Before the advent of film and video schools, learning image making crafts was mainly through mentorship. The needed skills were handed down to newcomers on the job from more experienced veterans. This apprenticeship system worked well.
In the 1960s and 70s-era of 16mm film and early video production, the “one man band” evolved. By doing every job on a production, the novice learned each part of the process. Early portable production equipment was temperamental and unforgiving. It forced the operator not to make mistakes, which could easily ruin a shoot.
As one who had good mentors most of my life, I consider myself very lucky. Through this apprentice system, I learned video, film, lighting, sound and how to write. I didn’t know it at the time, but the menial jobs I did prepared me to become a multimedia journalist before the term was even invented.
Today, the world is a different place. The old mentorship system has mostly disappeared. Many newcomers — at least the ones who can afford it — learn their craft at film, video or multimedia schools. The term “one man band” is back, but this time it has a different meaning — it’s not to teach, but just a way for a company to economize to save money.
Sadly, like everything else these days, media schools are very expensive. There are still great places to learn the craft, but be prepared to spend big bucks to study there. If you don’t have the money for a professional education and want to avoid getting into debt by financing it, there are ways to get around the formal education system.
One way is to use low-cost “content creator” equipment and watch YouTube videos to educate yourself. This can work, but it usually leaves major gaps in professional skills. To fill in what’s missing, there is more targeted training available.
One place to hone specific skills is the Maine Media Workshops in Rockport, Maine. Though the school offers a full degree program, one can take workshops in topics like directing, editing, lighting, documentary production and writing. I studied lighting there with the great British cinematographer Billy Williams and directing with Robert Wise, the late director of West Side Story and The Sound of Music.
With Williams, who had shot On Golden Pond nearby, we lit barns, churches, houses, offices and about anything else you can imagine. It was tough, hands-on work from early morning until late at night. After one week, I had learned lighting skills that I use to this day.
Literally dozens of schools and universities throughout the country now offer media, film or television degrees. Among the top schools remain the University of Southern California and UCLA in Los Angeles and New York University in New York City.
Specialized media schools include Full Sail in Winter Park Florida, an institution that offers under-graduate and post-graduate programs in computer animation, digital arts and design, entertainment business, film, game development, recording arts, show production and concert touring.
A search on the internet shows schools where media education is now taught in almost every part of the country. This does not mean, however, the quality of those schools is equal. Like every institution of higher learning, it best to do one’s homework and speak with graduates about how good the education at school really is.
When I was in journalism school at the University of South Carolina, I got most of my media education working on broadcast jobs outside the classroom. I learned to write — not at the university — but by working in job in a fast-paced news “sweat shop” at United Press International in Mississippi. It was tortuous work, but I learned rapidly.

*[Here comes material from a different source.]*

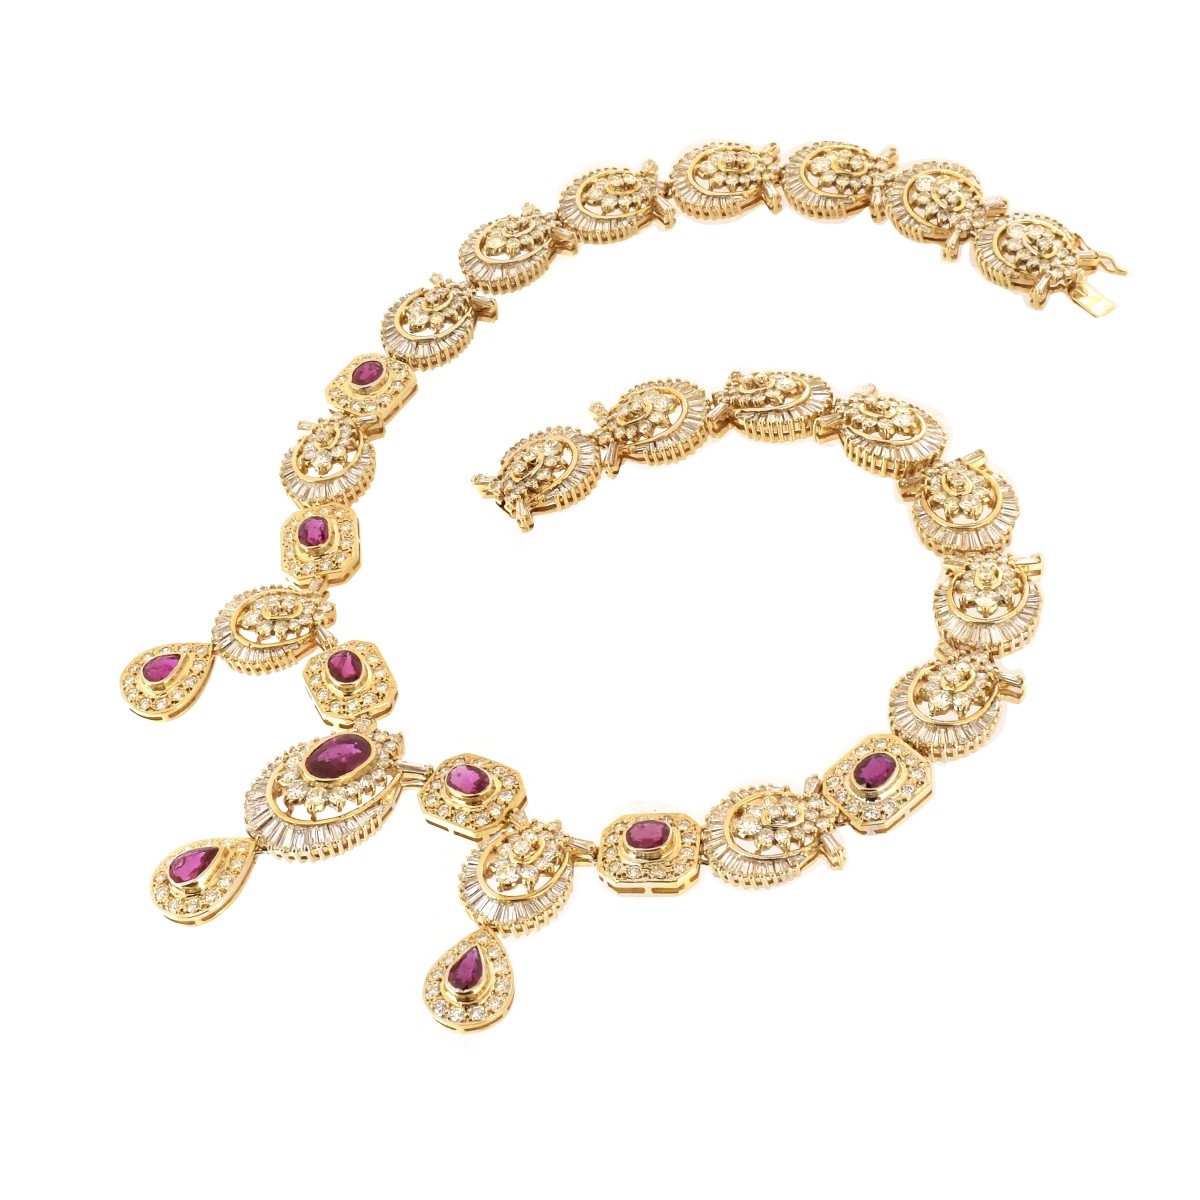 Diamond, Ruby and 18K Necklace

Another strategy for learning media in today’s market is just to dive in and get your feet wet. Enthusiasm, willingness to learn, and a good work ethic are values that will get anyone far in any business.
I got my first job in broadcasting as a ninth grader. I showed up at my local radio station and offered to work for free to learn the business. It worked and I got a break, putting me on a career path for the rest of my life.
It is not so easy to do that today, but it is still possible to find mentors and get breaks. Successful people in the media business are often more generous in mentoring than you might think. Sometimes all you need to do is ask.
The important thing is to pick the right mentor — someone with genuine skills that is willing to help you learn. It is easy to fall into a trap of doing free work for someone you can’t learn from.
Anyone with a smartphone can now make movies and the video can be edited for free on a personal computer. Make a short film and if you have talent, it will be recognized. The good news is it has never been cheaper to shoot a “movie.”
To learn to edit, study editing theory, learn how to tell visual stories and then use that knowledge to edit stories using a personal computer. Again, if you have talent, you are likely to find work.
To be a director, volunteer at a small theater or do a short film with local actors and demonstrate what you can do. Some of the greatest directors began that way. Acting classes also often accept directors. This way you can learn the craft while working.
As for writers, pick an area that’s of interest to you and just write. There’s an old rule of thumb: if you write one hour each day, you’ll have book in one year. It is not necessarily going to be a good book, but only by writing can you learn what works and what doesn’t. It is important to write about something you enjoy and that’s of genuine interest. Don’t write just what you think is commercial.
Media today is the storytelling business. People either have an affinity for it or they don’t. There is no certain way to learn the skills for the various parts of the media system. A good example of this is virtual production. It is new and still evolving, so the subject is rarely being taught in schools. Most people doing virtual production today are being hired from the gaming industry or live concerts, which have used big screen displays for years. One job leads to another.
There are few industries where grit, perseverance and eagerness to learn are more important than in media production. There’s an old cliché: where there’s a will, there’s a way. If you really want in, there is always a door to open.